By analyzing existing cross correlation between North American Construction and Wilmington Capital Management, you can compare the effects of market volatilities on North American and Wilmington Capital and check how they will diversify away market risk if combined in the same portfolio for a given time horizon. You can also utilize pair trading strategies of matching a long position in North American with a short position of Wilmington Capital. Check out your portfolio center. Please also check ongoing floating volatility patterns of North American and Wilmington Capital.

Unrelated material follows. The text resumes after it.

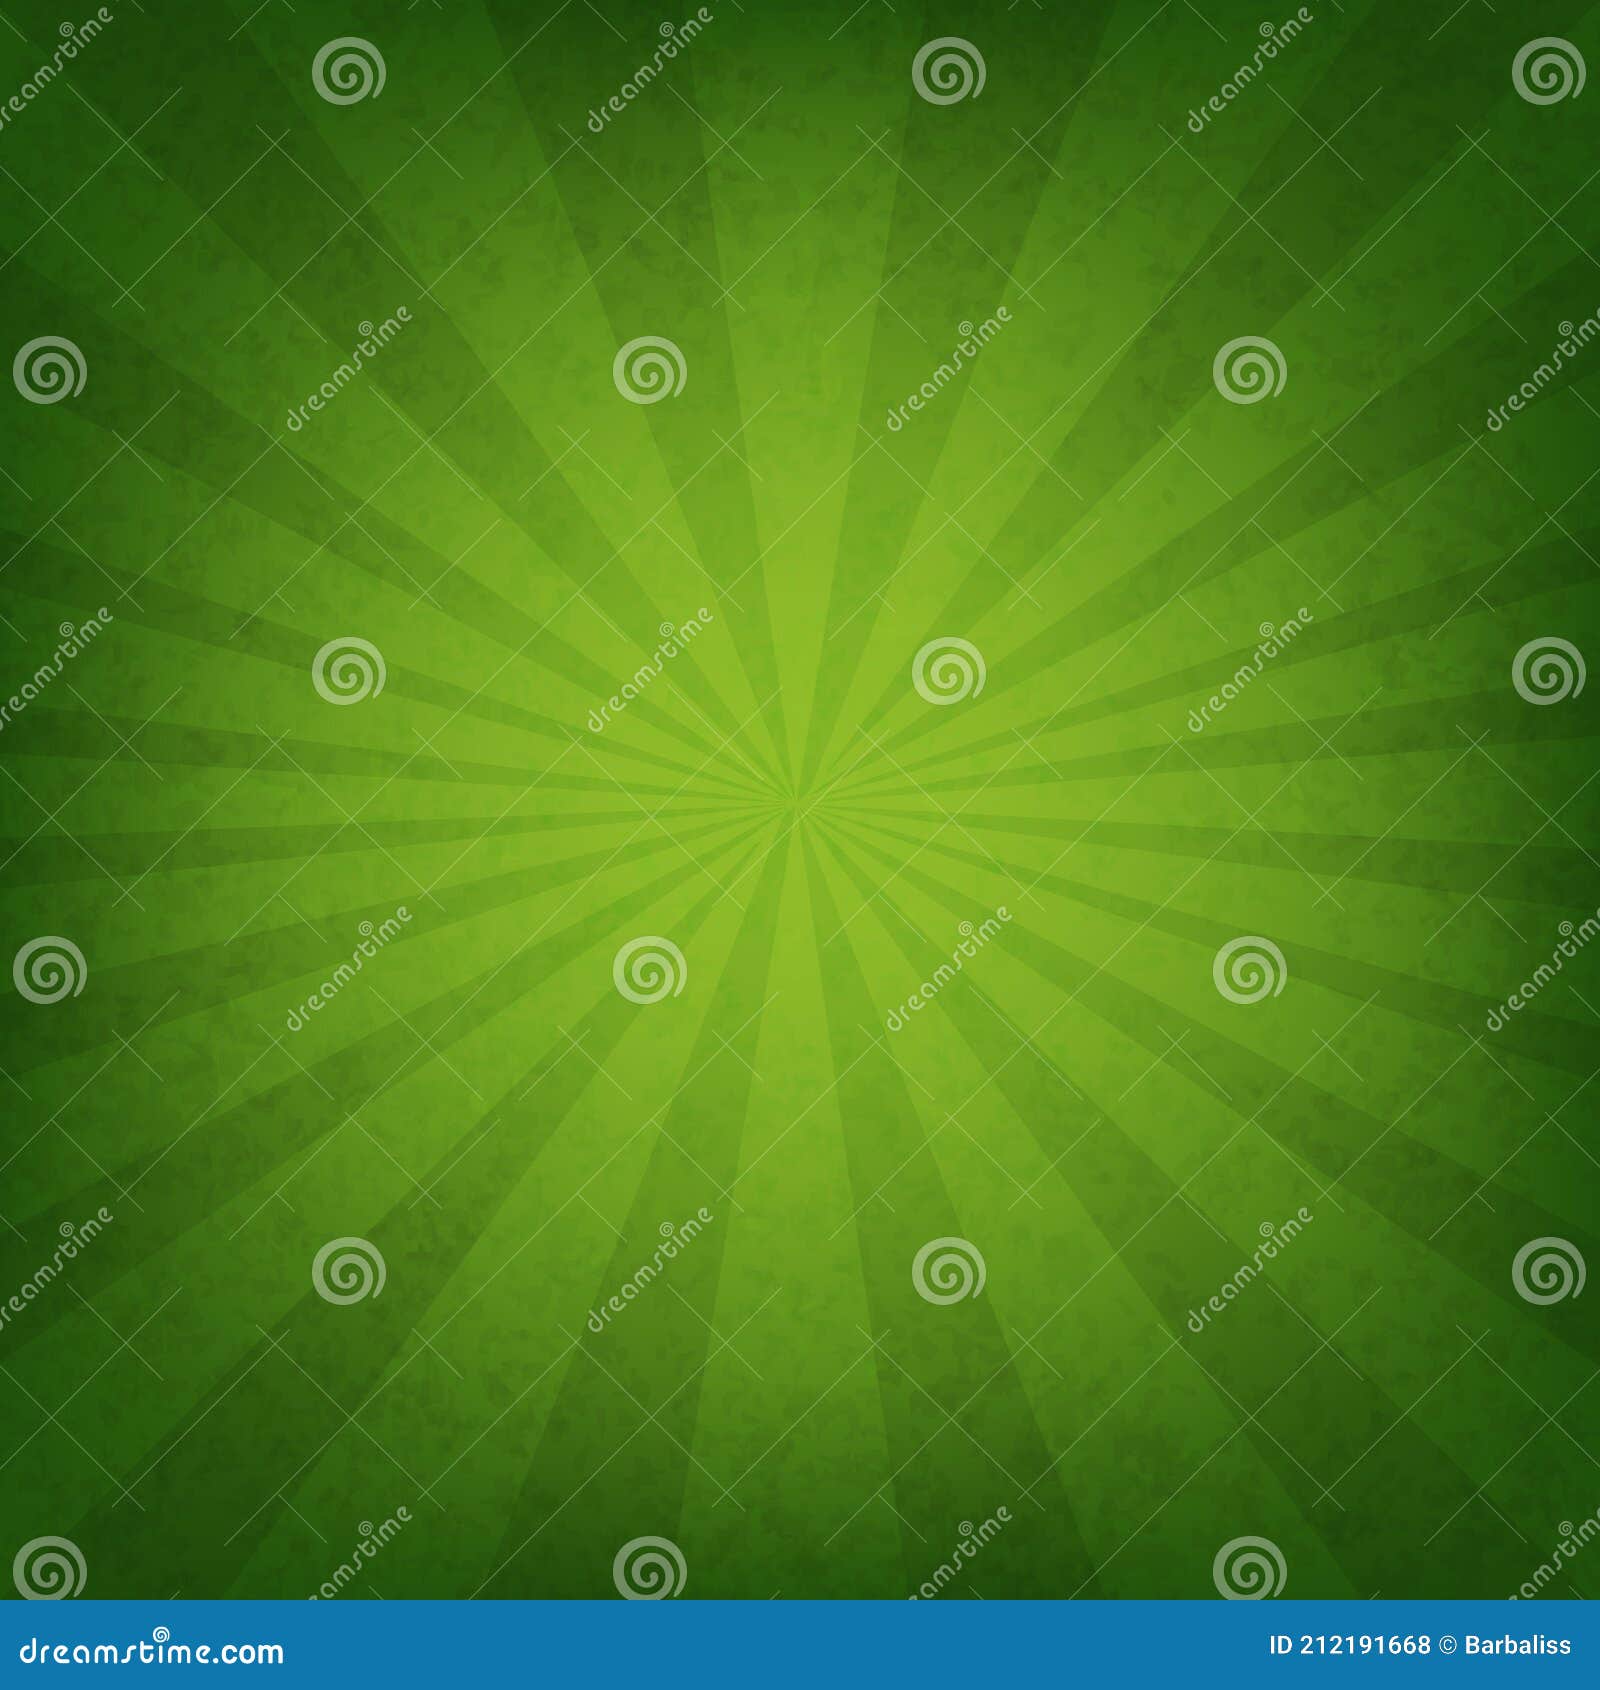 Green Sunburst Wallpaper stock vector. Illustration of blank - 212191668

Diversification Opportunities for North American and Wilmington Capital

-0.19
  Correlation Coefficient

Good diversification

The 3 months correlation between North and Wilmington is -0.19. Overlapping area represents the amount of risk that can be diversified away by holding North American Construction and Wilmington Capital Management in the same portfolio, assuming nothing else is changed. The correlation between historical prices or returns on Wilmington Capital and North American is a relative statistical measure of the degree to which these equity instruments tend to move together. The correlation coefficient measures the extent to which returns on North American Construction are associated (or correlated) with Wilmington Capital. Values of the correlation coefficient range from -1 to +1, where. The correlation of zero (0) is possible when the price movement of Wilmington Capital has no effect on the direction of North American i.e., North American and Wilmington Capital go up and down completely randomly.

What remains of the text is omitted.